Avant l'adoption, les associations et refuges tentent de connaître les conditions d'accueil de l'animal : a-t-il un espace dédié dans la maison ? Est-ce que financièrement, les futurs propriétaires peuvent le prendre en charge ? "On ne va pas regarder les comptes, mais on essaie de creuser la question pour savoir si les personnes peuvent assurer les frais de l'animal chez le vétérinaire", souligne Ondine Eliot qui fait également signer, 7 jours avant, un document pour prouver l'aptitude à accueillir un animal.
Ce contrat d'engagement et de connaissance permet de s'assurer, en tant qu'association, mais aussi futur adoptant que la décision n'a pas été prise de façon hâtive. "C'est obligatoire en animalerie, mais ce n'est pas encore totalement respecté. Certains craquent et achètent sans avoir de quoi accueillir", regrette la présidente de la compagnie des NAC.
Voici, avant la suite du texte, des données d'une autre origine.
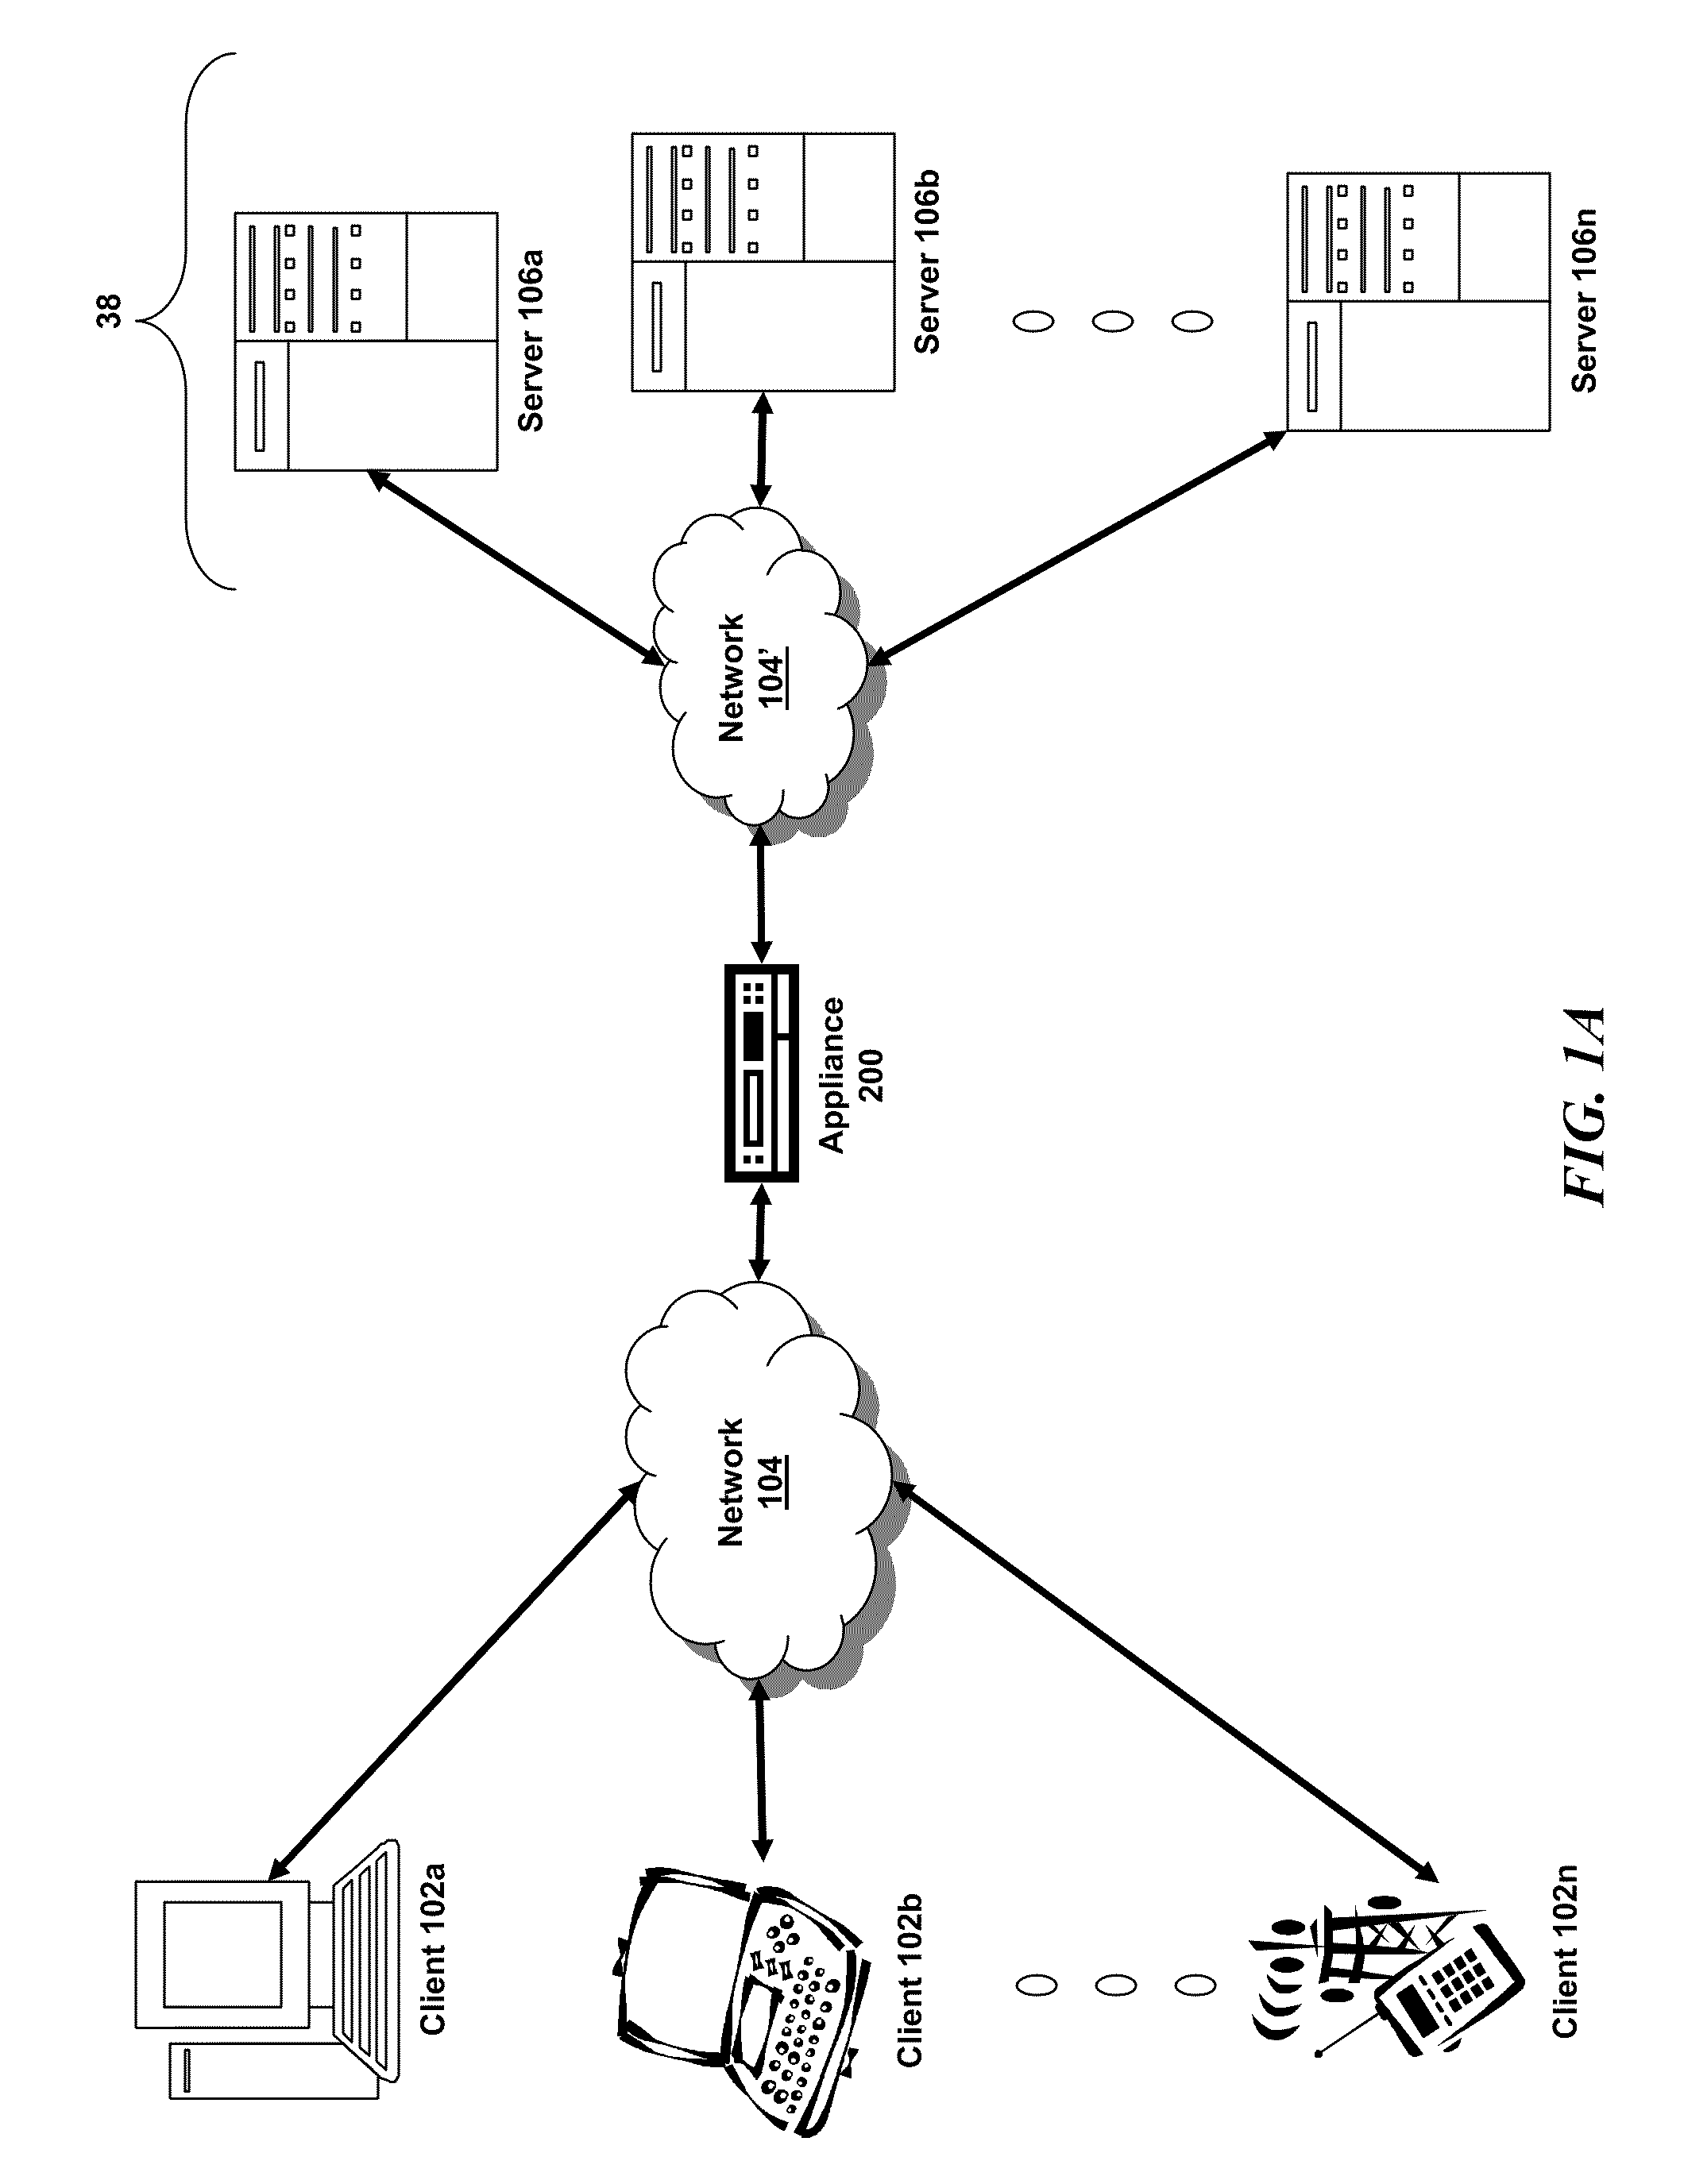 Systems and methods for providing a visualizer for rules of an application firewall

Si vous souhaitez adopter, il faut vous munir d'une pièce d'identité et d'un justificatif de domicile. "Il faut y ajouter des frais d'adoption à hauteur des frais de santé engagés, précise Ondine Eliot. Pour un rongeur, c'est une trentaine d'euros. Un lapin, c'est entre 100 et 200 euros" car il faut compter le vaccin, la stérilisation ou encore le vermifuge. "Comme ça, le propriétaire a un animal en bonne santé. Et si ce n'est pas le cas, il le sait. Parfois, certains peuvent adopter des animaux âgés et s'il y a un souci de santé, on donne les points à surveiller" ils savent qu'ils auront plus de frais.
"Et s'il pouvait y avoir plus de structures, ce serait beaucoup plus simple à gérer. On n'est pas assez nombreux par rapport au nombre d'abandons", conclut-elle. Selon l'Observatoire de la protection des carnivores domestiques (OCAD), le nombre d'animaux pris en charge par les fourrières et les refuges, qu'ils soient ou non abandonnés, ne baisse pas et reste de l'ordre de 200 000 animaux par an en France.